==== DATA SEGMENT

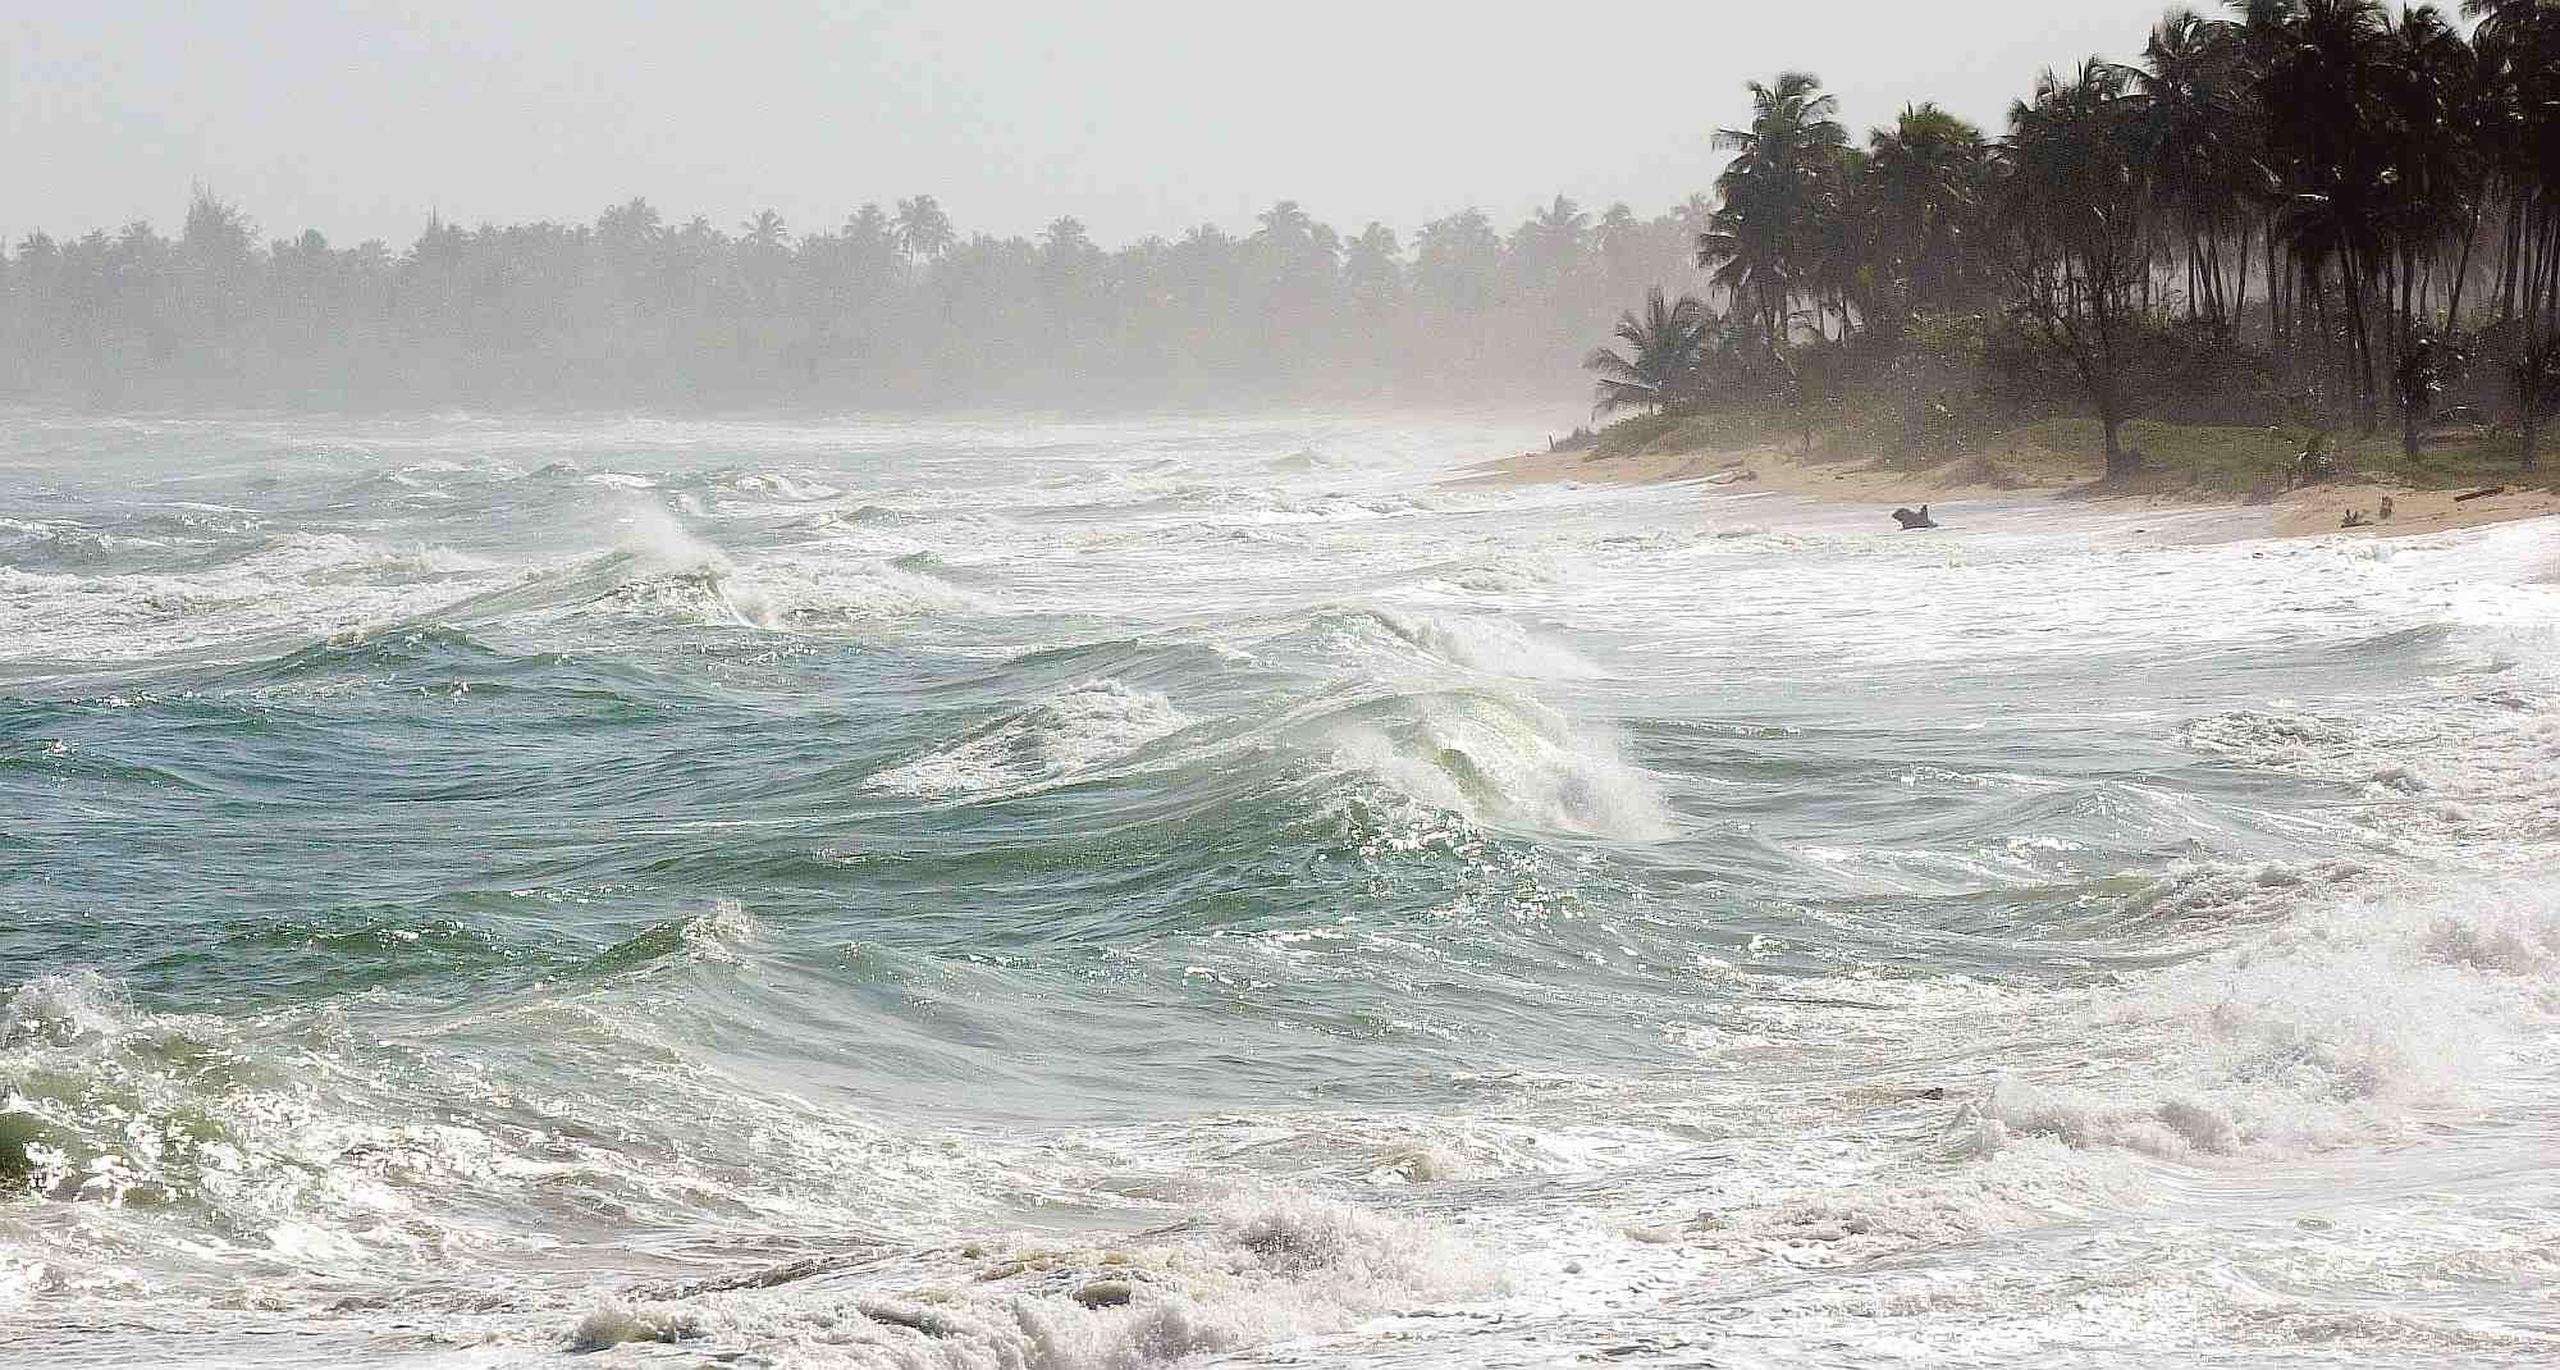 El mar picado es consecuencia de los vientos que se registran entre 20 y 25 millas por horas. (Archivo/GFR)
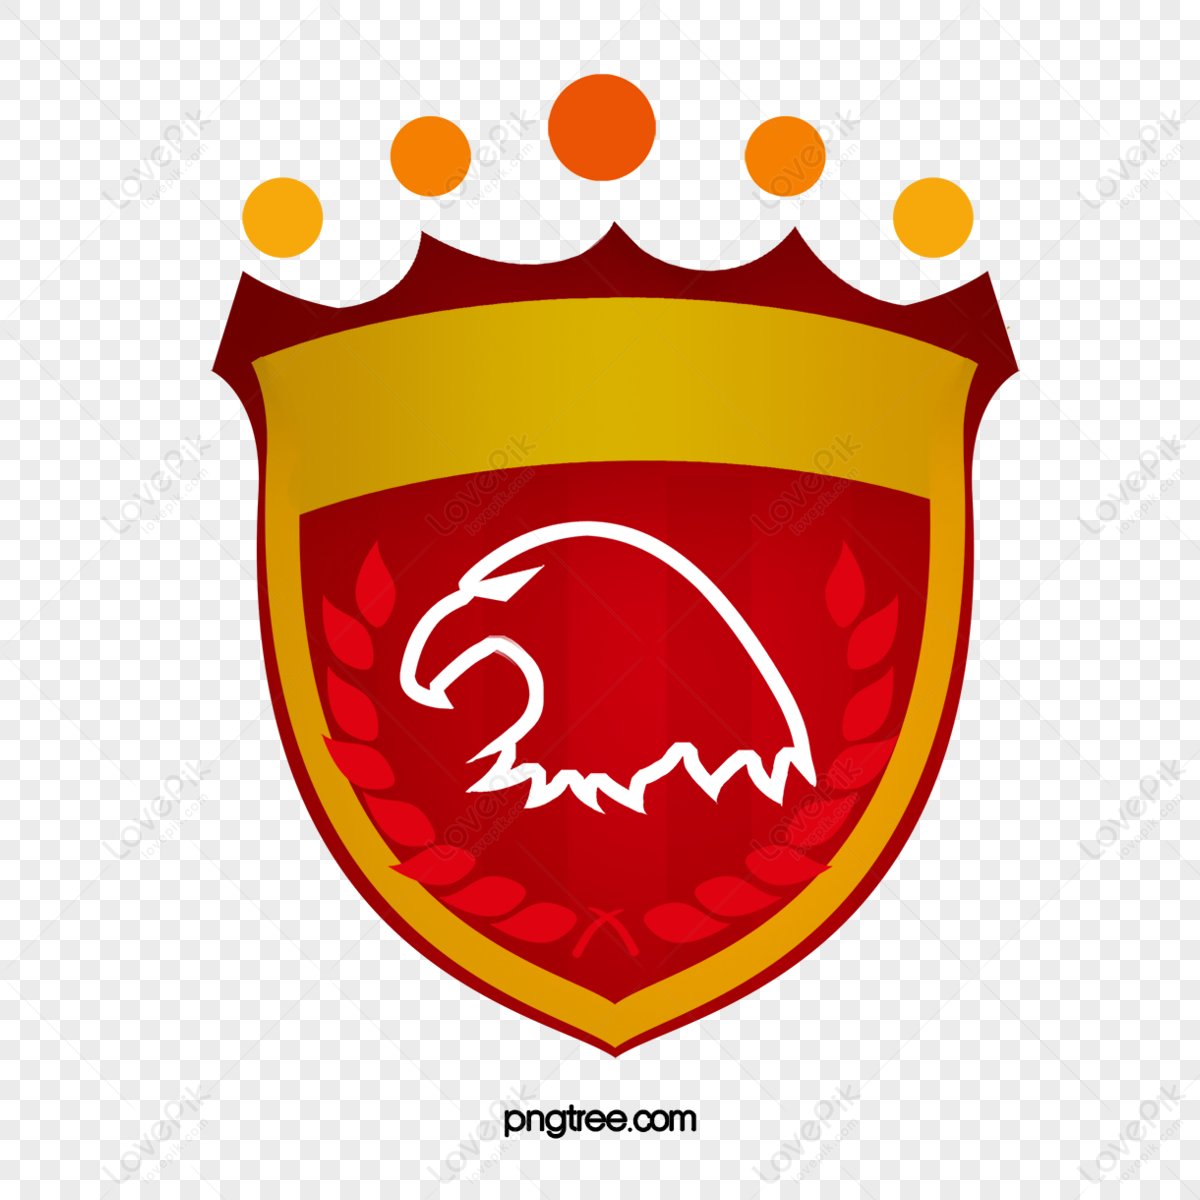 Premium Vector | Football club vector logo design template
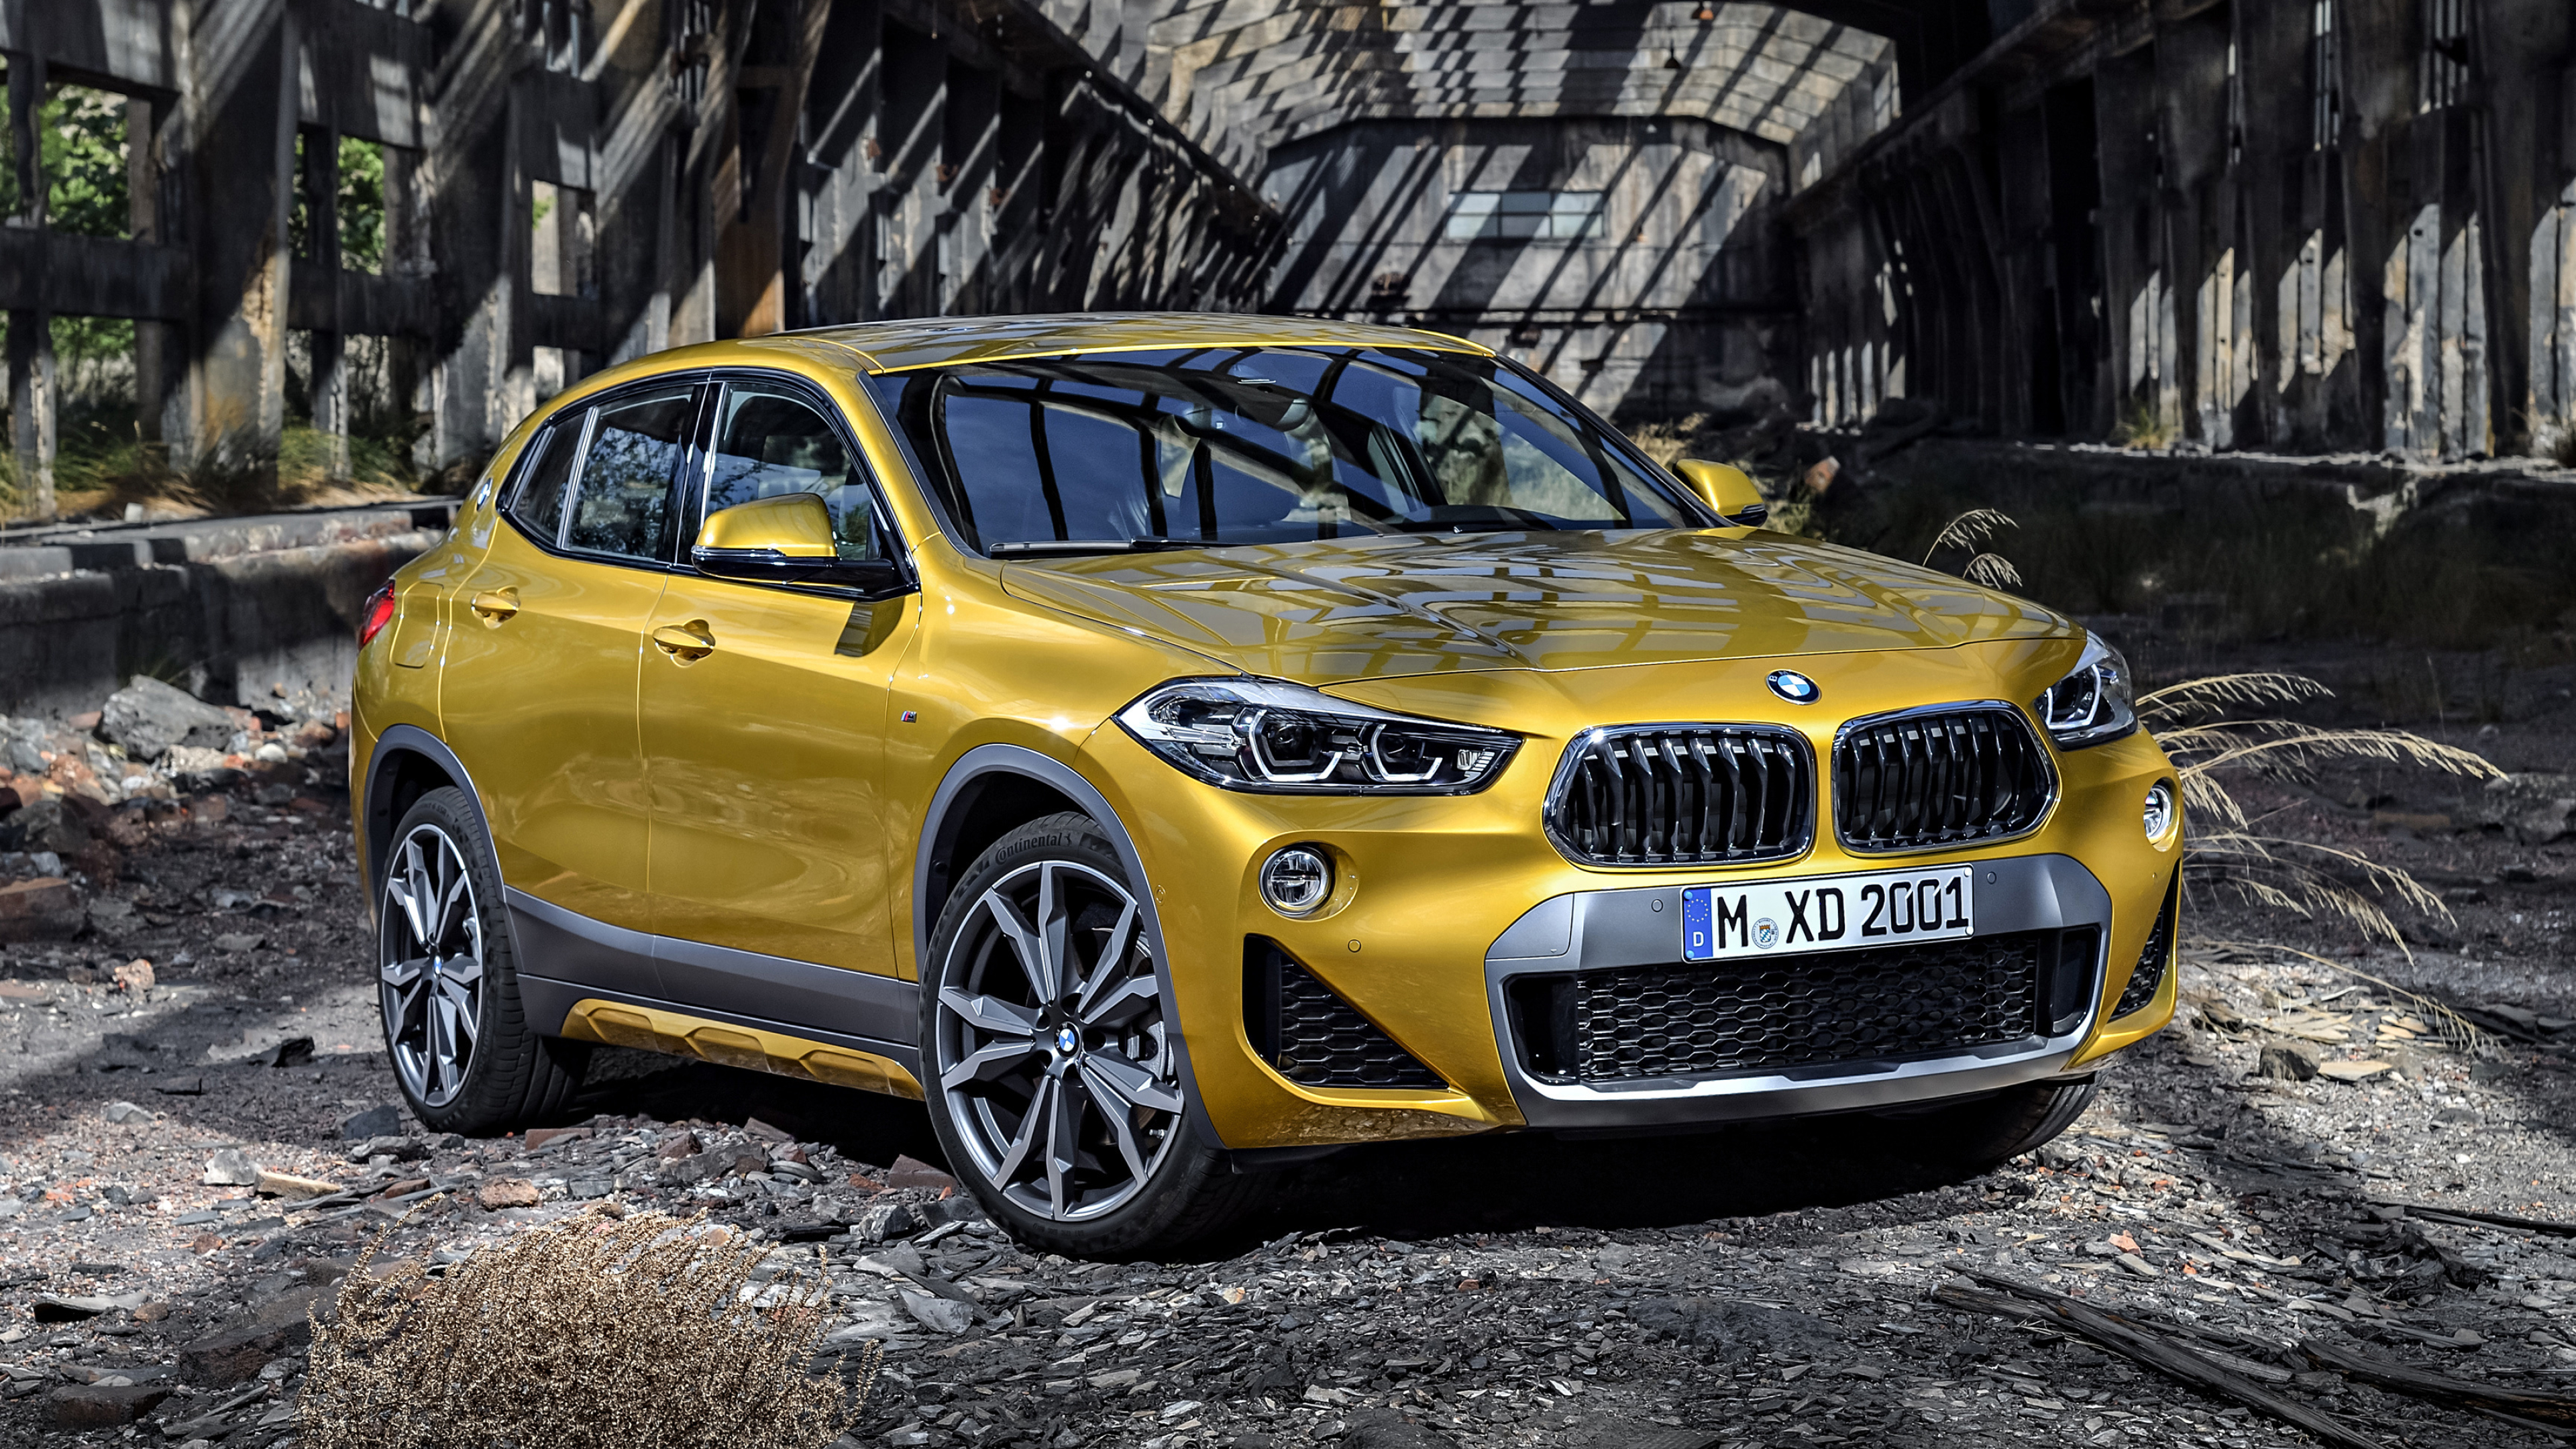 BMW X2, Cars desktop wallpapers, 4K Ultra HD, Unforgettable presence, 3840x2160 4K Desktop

========

WHAT YOU HAVE TO DO: Output all the data, exactly, without images.

WRITTEN ANSWER:
 El mar picado es consecuencia de los vientos que se registran entre 20 y 25 millas por horas. (Archivo/GFR)
 Premium Vector | Football club vector logo design template
 BMW X2, Cars desktop wallpapers, 4K Ultra HD, Unforgettable presence, 3840x2160 4K Desktop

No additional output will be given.